AI Engineering
Chatbot Memory: How LLMs Remember Context - Buffer, Summary, Vector Memory
Цели урока
- Understand why LLMs lack built-in memory and how the backend solves this
- Implement Buffer Memory and Window Memory for simple chatbots
- Master Summary Memory for long conversations with summarization
- Apply Vector (episodic) Memory as RAG over conversation history
- Design Hybrid Memory with PostgreSQL persistence for production
Предварительные знания
- RAG pipeline and vector search
- Chat Completions API
LLMs remember nothing. Every request is a blank slate. The illusion of memory in ChatGPT is simply the entire conversation context being resent on each call. Character.ai does this for 20 billion messages per day. MemGPT (Letta) went further: the LLM manages its own memory, deciding what to record and what to forget. Chatbot retention without proper memory architecture - 15%. With hybrid memory - 60%.
- ChatGPT uses window memory + server-side persistence in PostgreSQL - every chat is stored and can be resumed a month later
- Character.AI processes 20B+ messages/day - personality memory across sessions is implemented via vector store + entity extraction
- Intercom AI Support - hybrid memory with vector search over client ticket history, the agent knows all past interactions
- MemGPT (Letta, 2023) - the LLM manages its own memory: main context + archival storage + recall storage, with entity extraction from conversation
Memory was born from the context-window limit
Tracking dialogue state is an old problem from task-oriented chatbots, but memory as an LLM concern arrived with the ChatGPT era. When ChatGPT launched on 30 November 2022, its context window was about 4,096 tokens - once a conversation outgrew it, the earliest turns were pushed out and the model simply forgot them. That hard limit is the reason every memory architecture exists. **LangChain** (Harrison Chase, October 2022) shipped the first widely used memory abstractions - buffer, window, and summary memory - giving developers ready patterns instead of hand-rolled history management. In 2023 **MemGPT** (Charles Packer and colleagues, UC Berkeley) pushed further: treat the context window like an operating system's RAM and let the LLM page facts in and out of external storage, deciding for itself what to keep. The project later became Letta.

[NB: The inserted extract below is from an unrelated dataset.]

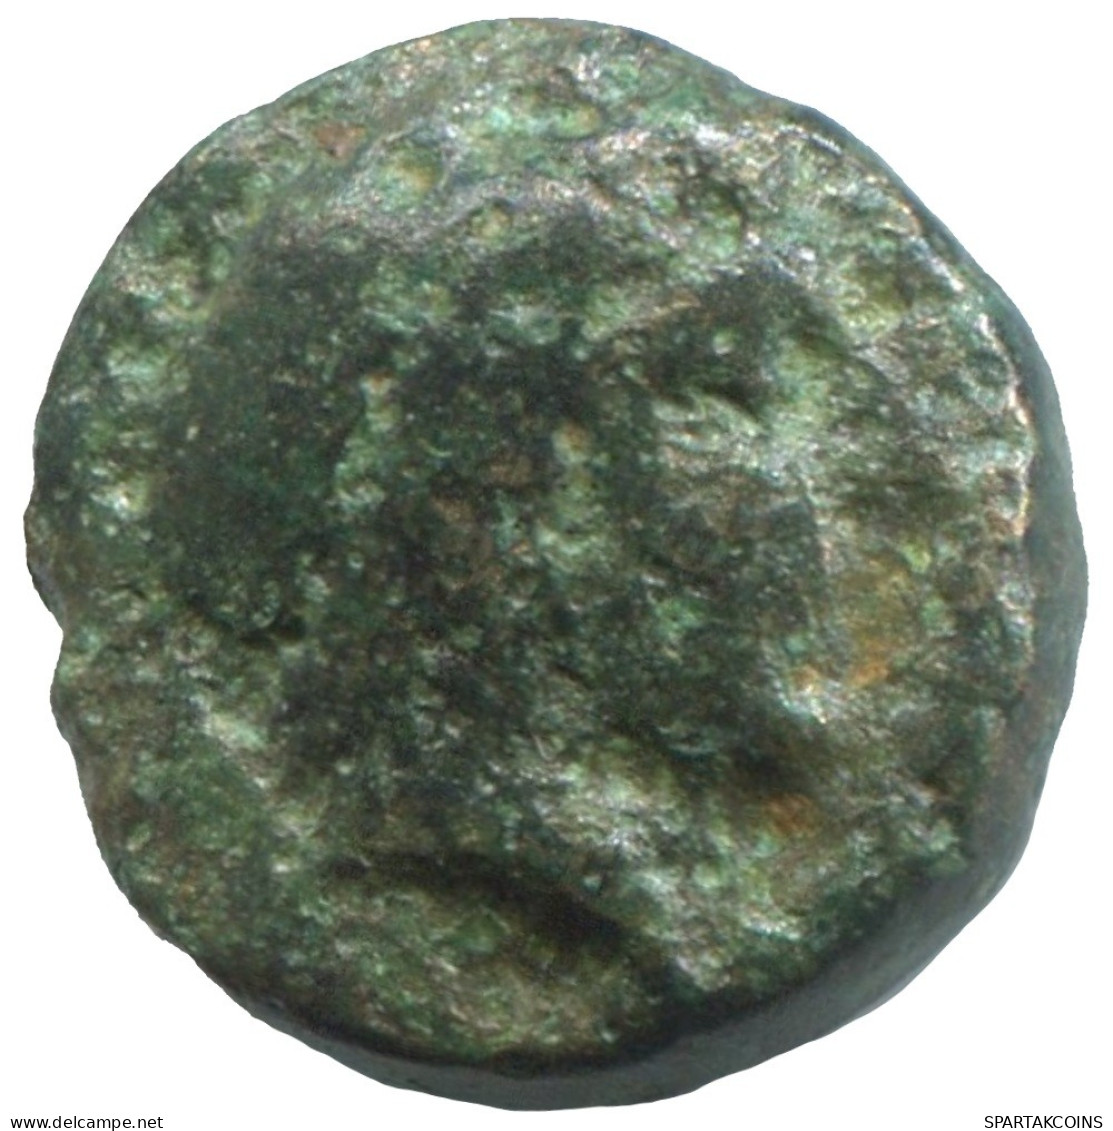 MYSIA PERGAMON PHILETAIROS KING OF PERGAMON GREEK 1.3g/11mm #SAV1375.11.U.A - Griechische Münzen

Stateless LLM: Why the Model Forgets Everything
LLMs remember nothing. Every request starts from a blank slate. The illusion of memory in ChatGPT is simply the entire conversation history being sent again with each call. Character.ai does this for 20 billion messages a day. Not magic - engineering.
This isn't a bug or an implementation limitation. LLMs are **stateless by architecture** - like HTTP without cookies. Every `chat.completions.create()` is an independent mathematical operation: vectors in, vectors out, no state left behind. Memory is an engineering layer built on top of a stateless API, not a built-in feature of the model.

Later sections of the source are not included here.